Your instructions: Set the listing down exactly; no pictures.

Data:
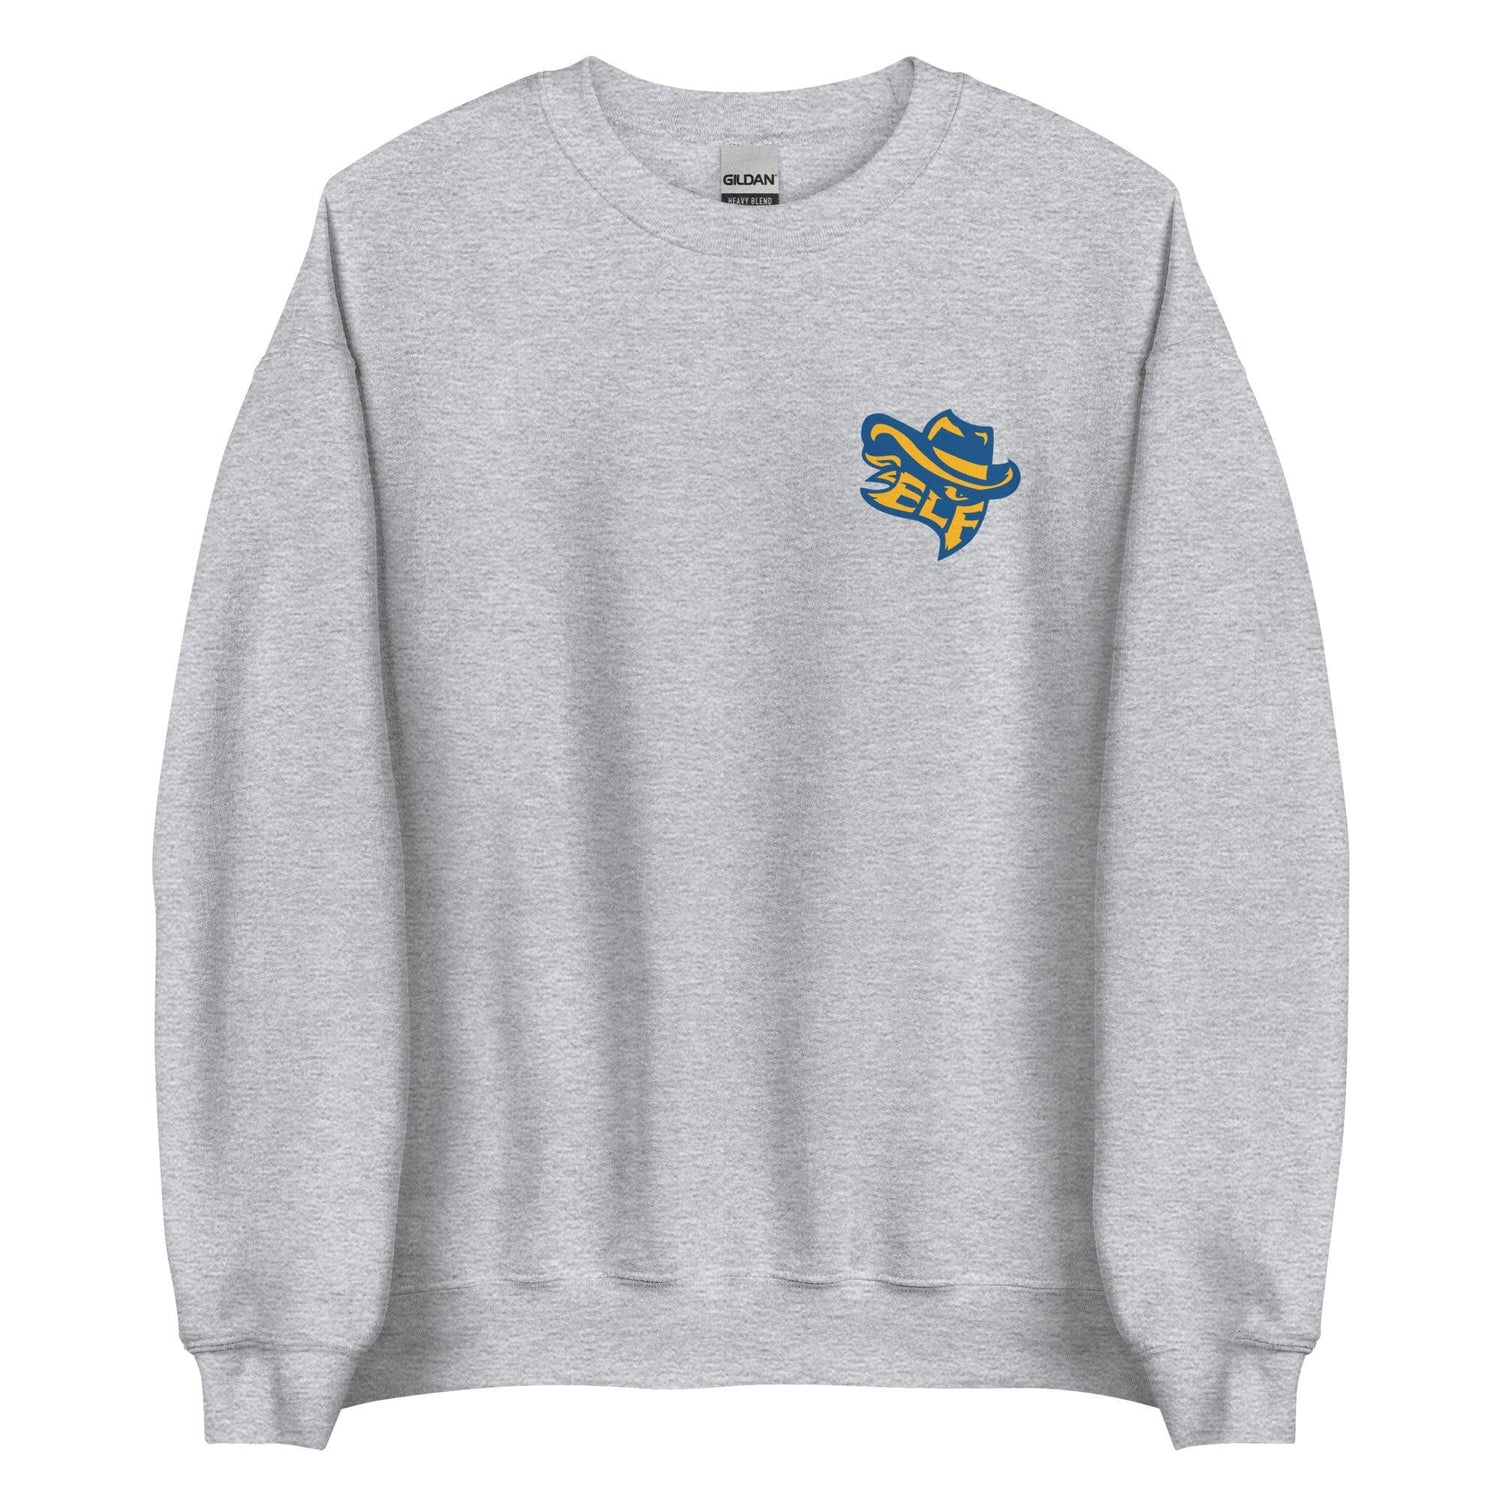 Evan Ford "Essential" Sweatshirt - Fan Arch
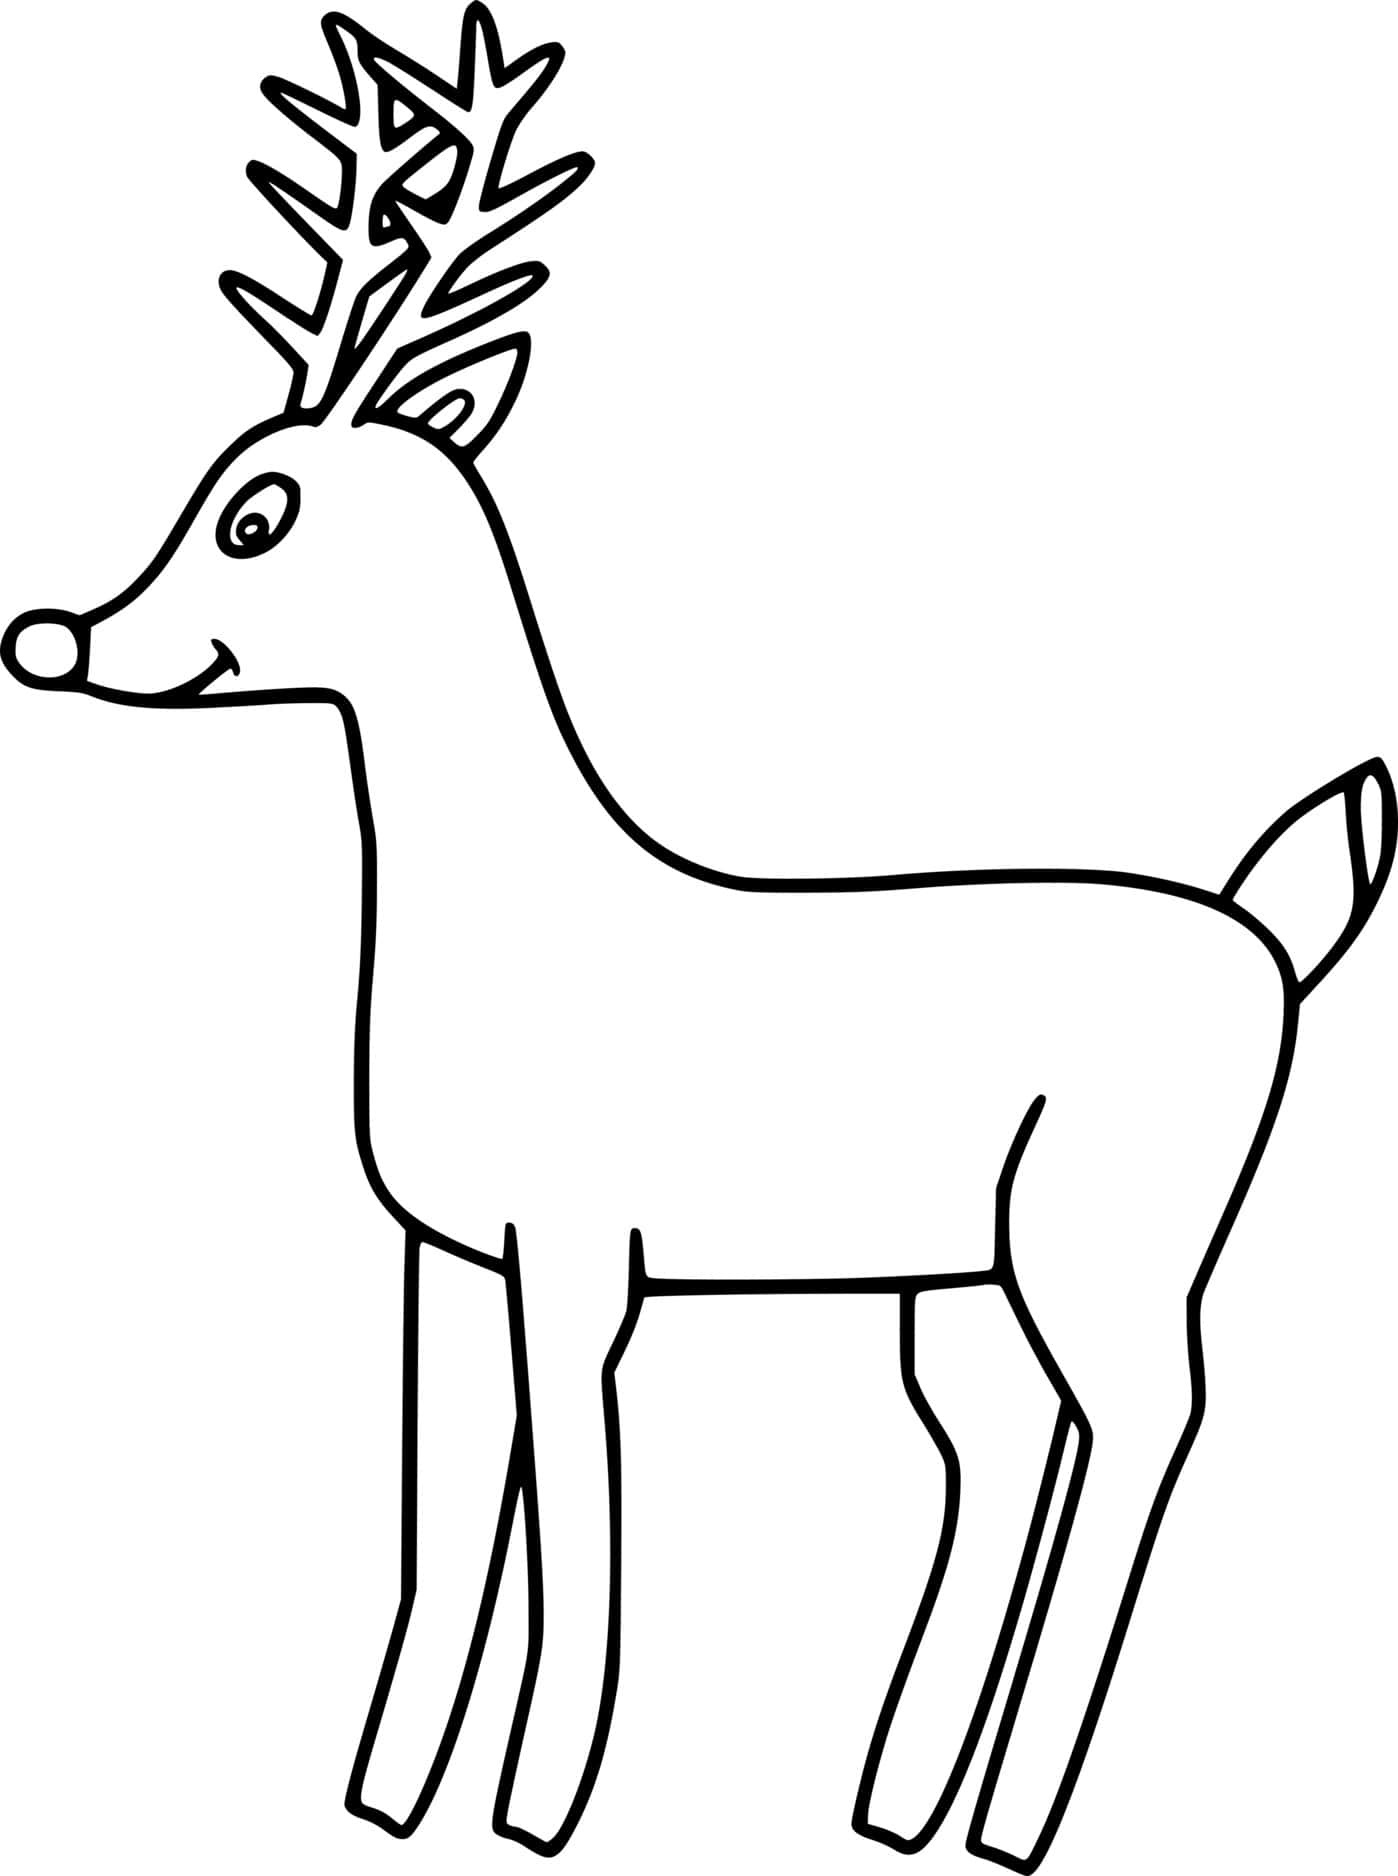 Simple Cute Deer Coloring Page
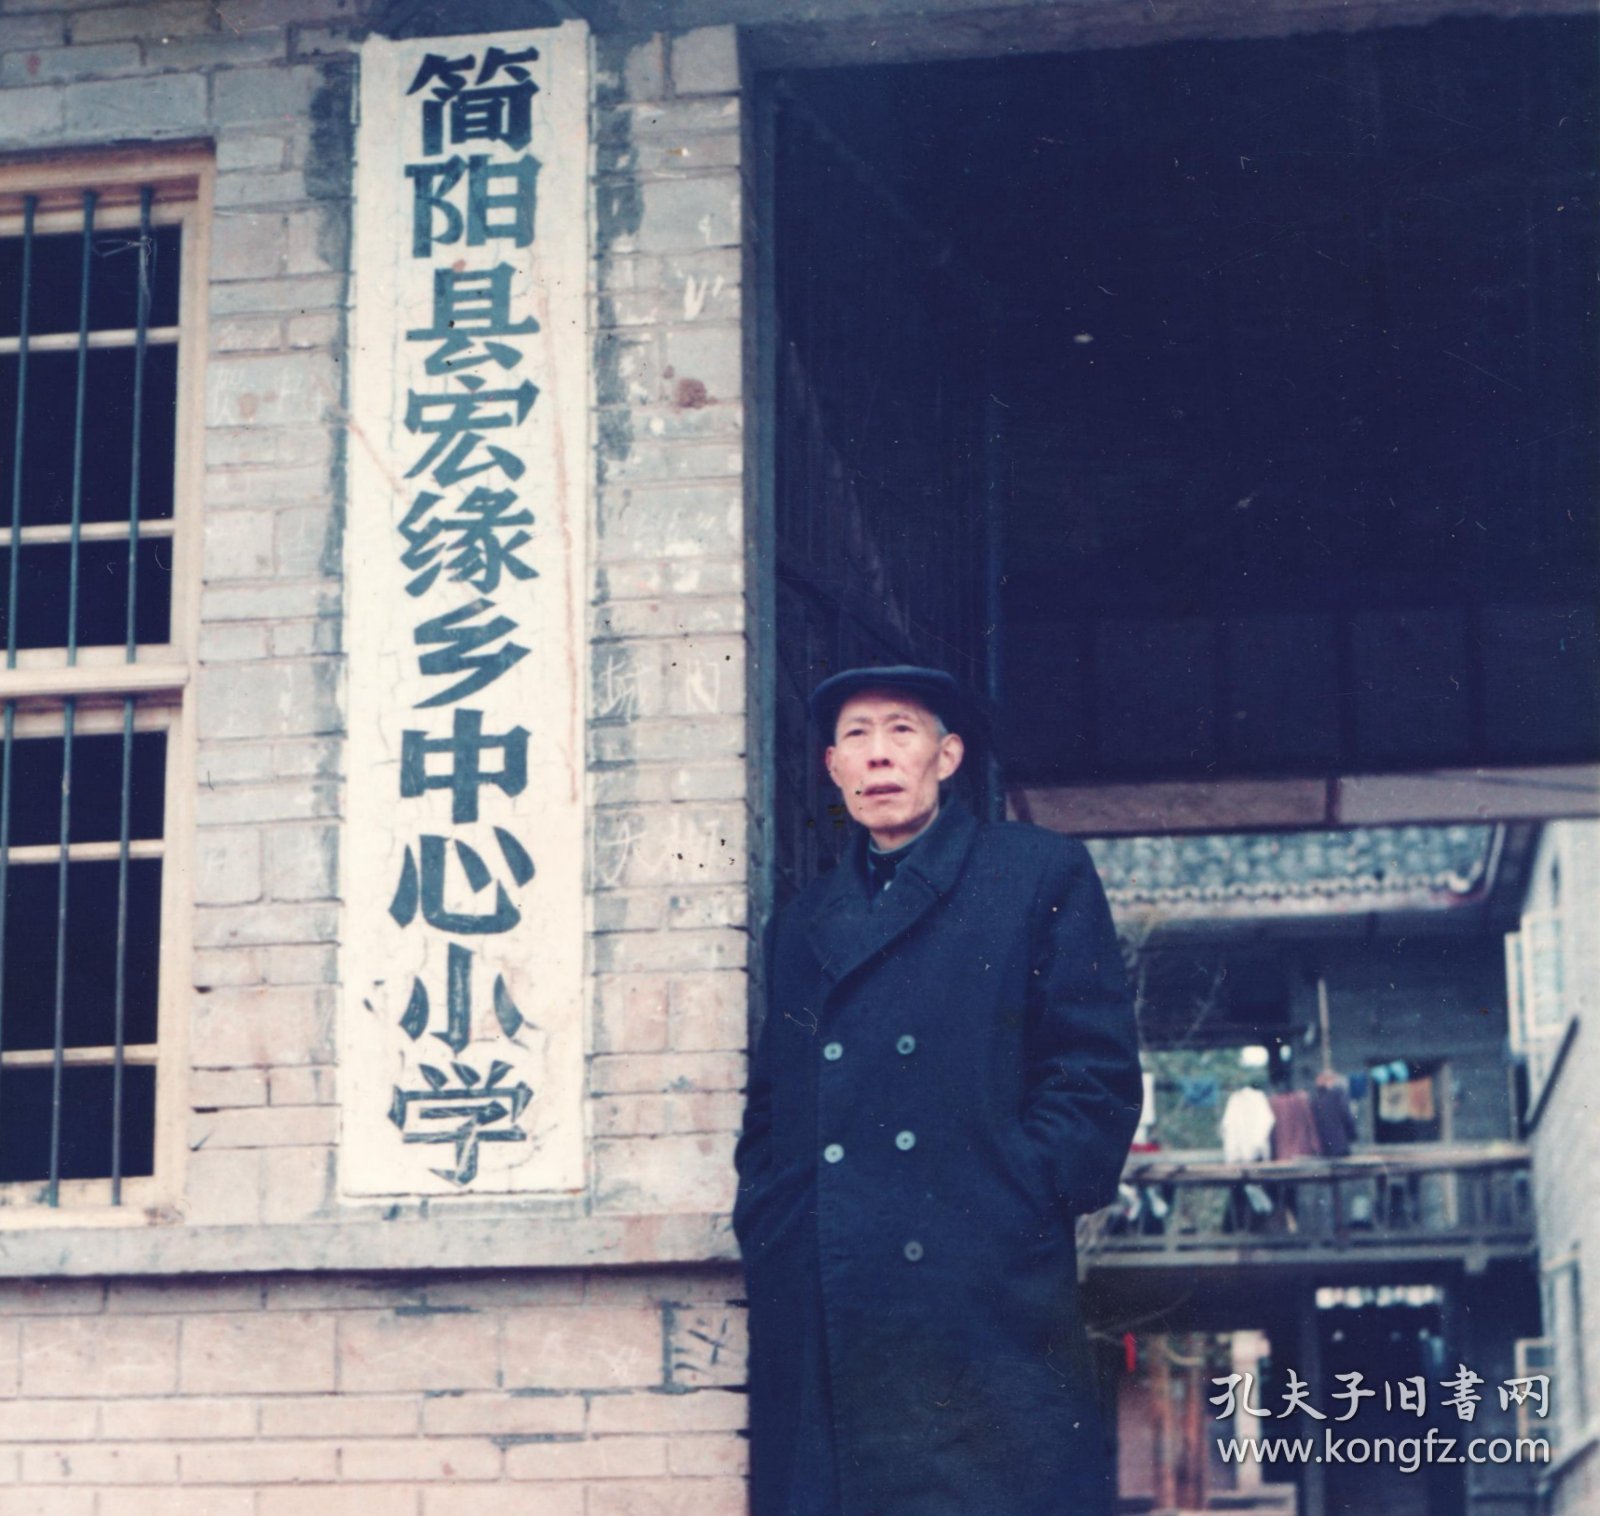 1991年，成都简阳县宏缘乡中心小学大门老照片，背面手书一首诗歌

Exercise output:
 Evan Ford "Essential" Sweatshirt - Fan Arch
 Simple Cute Deer Coloring Page
 1991年，成都简阳县宏缘乡中心小学大门老照片，背面手书一首诗歌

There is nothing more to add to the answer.